Availability lookup for interview scheduling remained automatically approved. Availability use for candidate ranking required a specific purpose tag. Any connector result that included multiple policy versions had to show the source date. Any write-back to candidate status required a separate action receipt. The approval prompt displayed whether the tool was read-only or write-capable. High-risk calls expired after the requisition closed. A weekly review sampled approval events where AI recommendations were accepted without recruiter edits.
The next candidate challenge was easier.
The company could show the agent, the recruiter, the tool, the source document, the policy version, the approval rule, the output, and the final human action.
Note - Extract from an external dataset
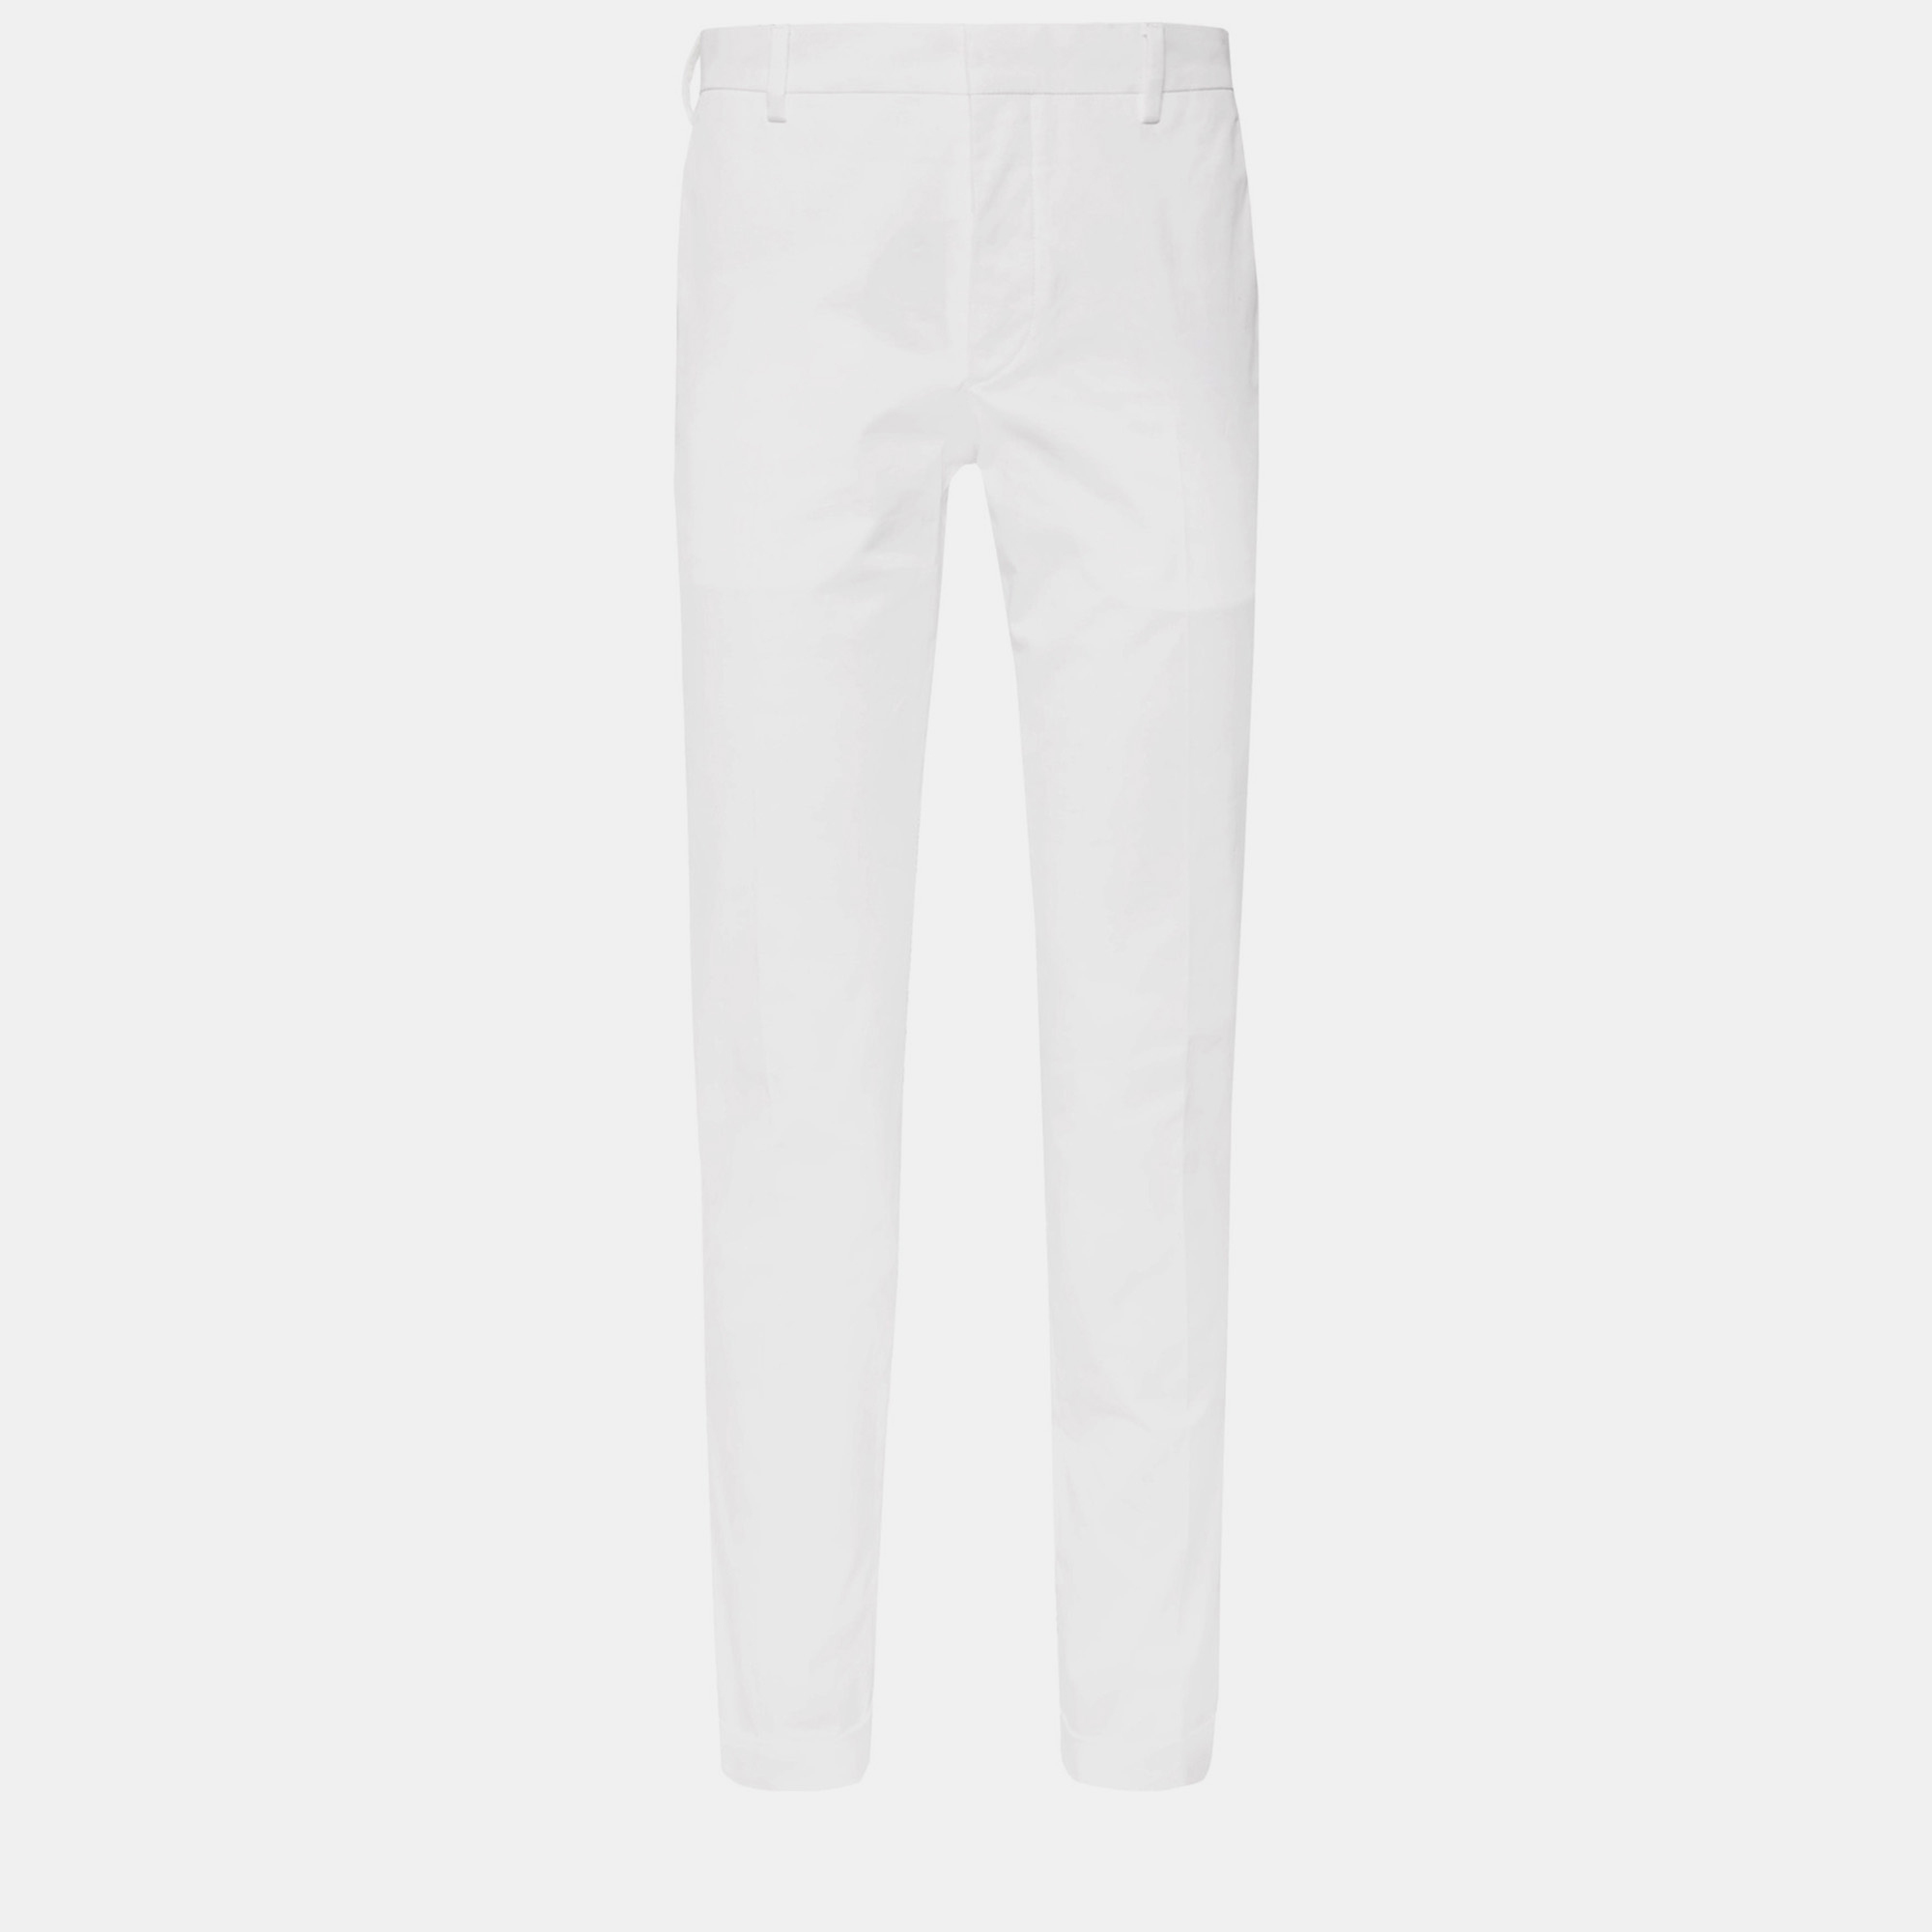 Prada cotton pants 56

The answer was not perfect. It was specific.
That is what HR AI needs now.
The next wave of enterprise agents will not wait for HR governance to mature. Agents will enter recruiting, employee service, payroll, workforce management, learning, performance, internal mobility, and manager workflows because the workload pressure is real and the platforms are making deployment easier.
The approval layer has to move just as quickly.
An agent inventory tells the company what exists. A subprocessor chain of custody tells it where an output traveled. An evidence packet tells it what happened. A correction ledger tells it what was fixed.
The runtime tool approval ledger tells it why the agent was allowed to act in the first place.
That is the record that has to survive the incident.
The button is no longer just a button.
It is the first line of the audit trail.
This article provides a deep analysis of HR AI runtime tool approval ledgers. Published May 10, 2026.